Opinion A grim responsibility
In handing out death sentence, court must not be — or be seen to be — swayed by public sentiment
The Delhi High Court’s verdict affirming the death sentences of the 2012 Delhi gangrape convicts appears to hinge — disquietingly — on the public outrage and revulsion sparked by the crime. There is no doubt that the groundswell of anger provided a much-needed urgency to the public discussion on ways to address sexual assault and police reform. It is also true that in drawing an association between the death penalty and the need to assuage an inflamed popular sentiment, both the trial court and the Delhi HC have only added to a long line of court decisions that have equated “rarest of the rare” with heinousness. This was, however, not the Supreme Court’s intent when it first articulated the phrase in the landmark Bachan Singh vs State of Punjab. A case became rarest of the rare only when “alternative option(s) were unquestionably foreclosed”, the SC held. Justice P.N. Bhagwati then ventured to suggest that “merely because a murder is heinous or horrifying, it cannot be said that death penalty is proportionate to the offence”. The Supreme Court, though, chose not to lay down exhaustive guidelines as to what constituted a “rarest of the rare” case in Bachan Singh. The court did not want to “fetter judicial discretion”, undoubtedly to ensure that subsequent cases saw the most humane application of death penalty laws.

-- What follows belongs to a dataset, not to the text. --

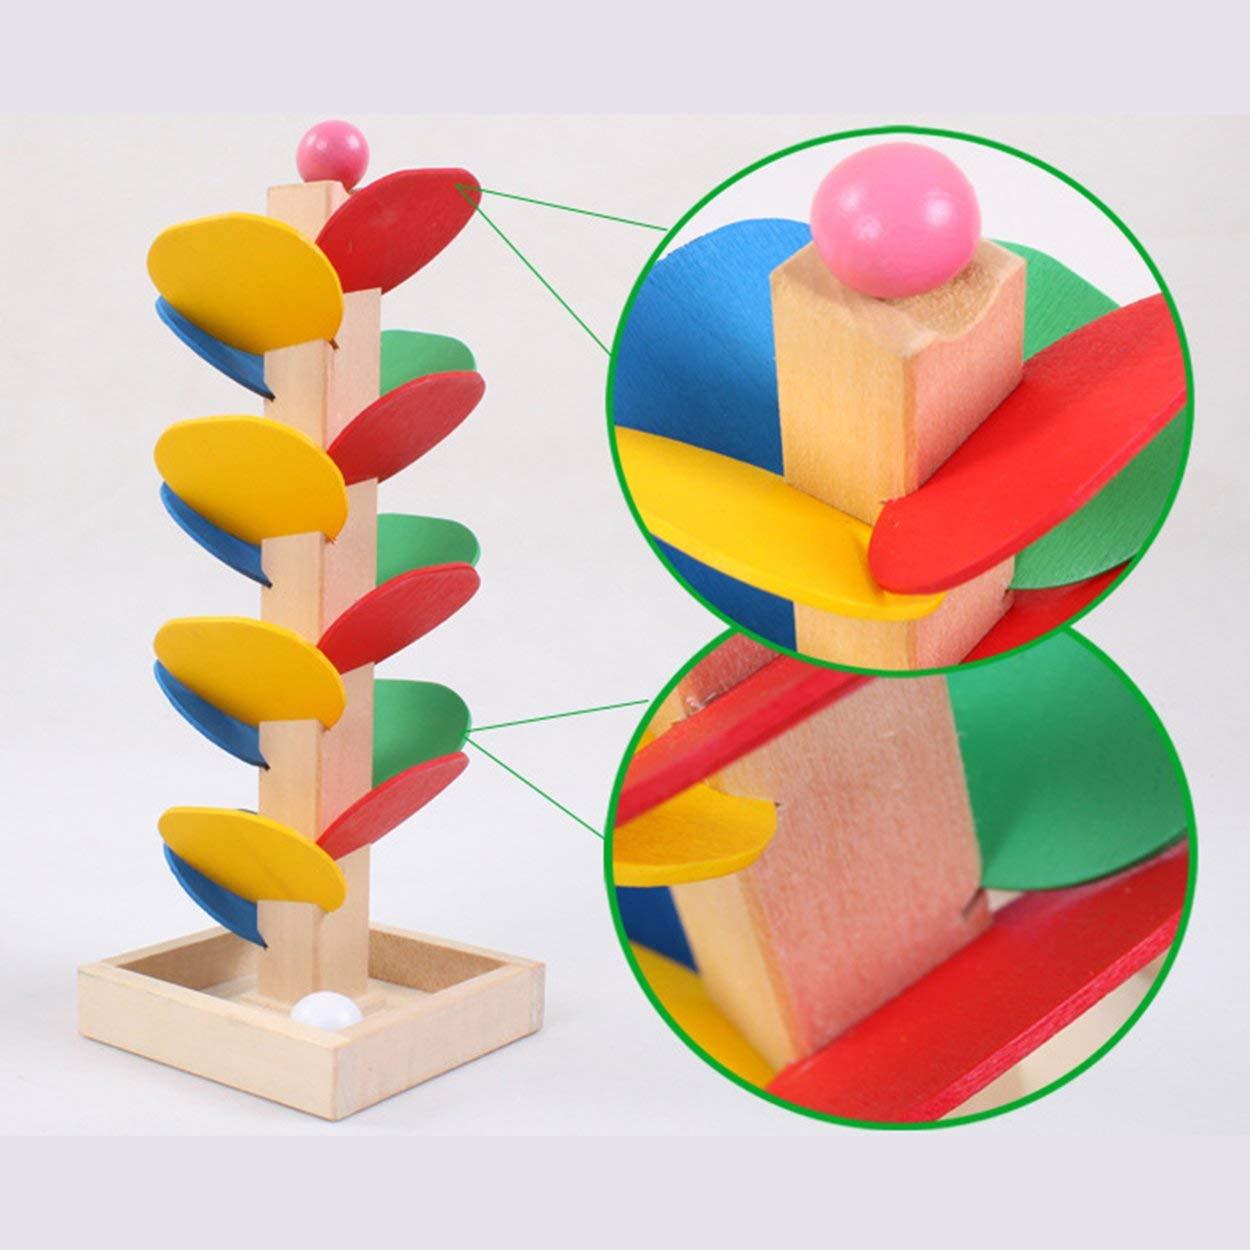 Lorenlli Montessori Jouet /Éducatif Arbre en Bois Marbre Balle Piste Piste Jeux B/éb/é Enfants Intelligence Jouet /Éducatif

Yet, several subsequent judgments have handed down death sentences when the offence has shocked the “collective conscience of the people”. Such a judicial approach raises questions. Is it possible, for instance, to guard the justice process from being influenced and pressured by a passionate reaction that has shaded into an illiberal clamour for vengeance? As the Delhi gangrape protests also illustrated, such cases can become the pretext for the venting of demands for draconian laws and “tough” punishments.
While the death penalty remains on paper, the judiciary should use it with utmost responsibility and careful consideration, taking into account the brutality of the offence as one factor among many. In October last year, the SC led by example, commuting the death sentence of Sushil Kumar — who murdered his wife and burnt her body in a tandoor— to life. At that time, the SC had suggested that brutality alone could not invite the death penalty. The prosecution failed to show there was “no chance of [Kumar] being reformed and rehabilitated”, the court said. The possibility of reform is an important but severely neglected aspect in the death penalty debate. The courts must demand higher standards and better reasons from the state as to why it seeks the death penalty.